# Wooden Garages - Good, Bad and Otherwise?



## Stumper (Apr 5, 2009)

I'm currently looking to replace my knackered old garage at home as it's beyond repair.

Currently it's about 5m x 2.5m and we're looking to increase the size up to about 6m x 3.5m. I've had some quotes for a single skin breeze block garage and it's going to be way above budget so instead i'm looking for a log cabin type garage or garden building.
It's not a proper garage as such and requiring a garage door as it's virtually impossible to get a car into it due to the layout of the house/fence/driveway.

The garage is going to be used for storing tools, car related stuff, my bikes and probably the turbo trainer and rowing machine.

Has anyone got any experience with log cabin type garages or workshops?
Any problems with them once they've been insulated and lined?

And last but not least, who's good to be buying them from? 
I'm currently looking at one from Tuin with possibly a storage cabin on the end to keep the bikes locked up in.


----------



## Jack R (Dec 15, 2014)

What do you need to know? And are you looking to buy a kit or will you just buy materials?


----------



## nick_mcuk (Jan 4, 2008)

Wood garages are better than any brick or cement one as they breath and they dont suffer form condensation. They are also warmer inside.

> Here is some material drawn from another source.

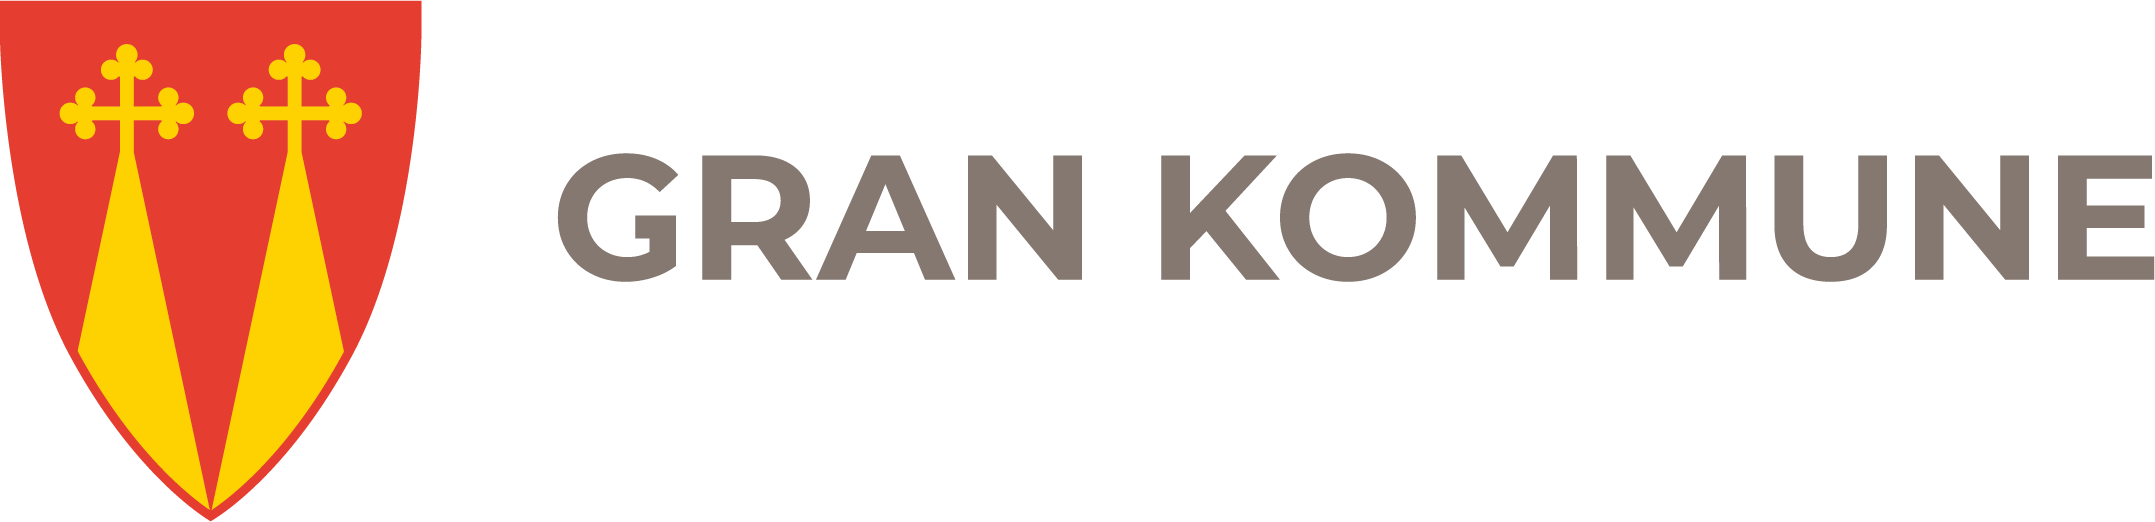 Gran kommune logo

I built one this year...here is a quick photo.



There is a thread on here of the entire build http://www.detailingworld.co.uk/forum/showthread.php?t=375460


----------



## Stumper (Apr 5, 2009)

JR1982 said:


> What do you need to know? And are you looking to buy a kit or will you just buy materials?


It'll be a kit, my DIY skills won't stretch anywhere close to building one myself!



nick_mcuk said:


> Wood garages are better than any brick or cement one as they breath and they dont suffer form condensation. They are also warmer inside.
> 
> I built one this year...here is a quick photo.
> 
> There is a thread on here of the entire build http://www.detailingworld.co.uk/forum/showthread.php?t=375460


Thanks for that nick, I'll take a look at your build thread.


----------



## Jack R (Dec 15, 2014)

It does seem alot but if looked after it will serve you well, plus it's also easily adapted if you want to alter later.


----------



## nick_mcuk (Jan 4, 2008)

Gheezer said:


> I am after a timber car port but these seem to stretch to 8-10k for two cars. Will look nice in Oak but seems a lot for a wall-less garage.....


My pine log garage I think cost me in total about £7k all in


----------



## AndyC (Oct 25, 2005)

No experience of timber but my standard, boring brick garage has never had a problem with moisture retention. Not heated but it's housed a running and working 205, a BMW 328, a not running 205 and now a very much alive Clio.

No issues whatsoever.


----------



## grunty-motor (Aug 11, 2016)

my mate had a wooden one for some time (10year?). no damp - cosy!

dont think you need planning permission?


----------



## nick_mcuk (Jan 4, 2008)

grunty-motor said:


> my mate had a wooden one for some time (10year?). no damp - cosy!
> 
> dont think you need planning permission?


If its in front of the house you will...if its to the side or back then you can get away with it but you deffo need to check with your local BC.

Mine is a low roof version so its easier to get planning for.


----------



## Clancy (Jul 21, 2013)

Built lots of these over the years, timber is better than a masonry garage imo. Better value for money to build from scratch but if you want something easy to build look on Dunster house. Lots of choice and can easily be put up in a day, second day to tile the roof and stain it. Nice job really 

Planning wise need to check local rules, generally a timber structure with an eaves height under 2.5m will not need planning


----------



## Jack R (Dec 15, 2014)

It's all worked out on the percentage of ground and distances from boundaries which then dictate the size and hight etc...


----------



## nick_mcuk (Jan 4, 2008)

Clancy said:


> Built lots of these over the years, timber is better than a masonry garage imo. Better value for money to build from scratch but if you want something easy to build look on Dunster house. Lots of choice and can easily be put up in a day, second day to tile the roof and stain it. Nice job really
> 
> Planning wise need to check local rules, generally a timber structure with an eaves height under 2.5m will not need planning


That's where min came from

Sent from my iPhone using Tapatalk


----------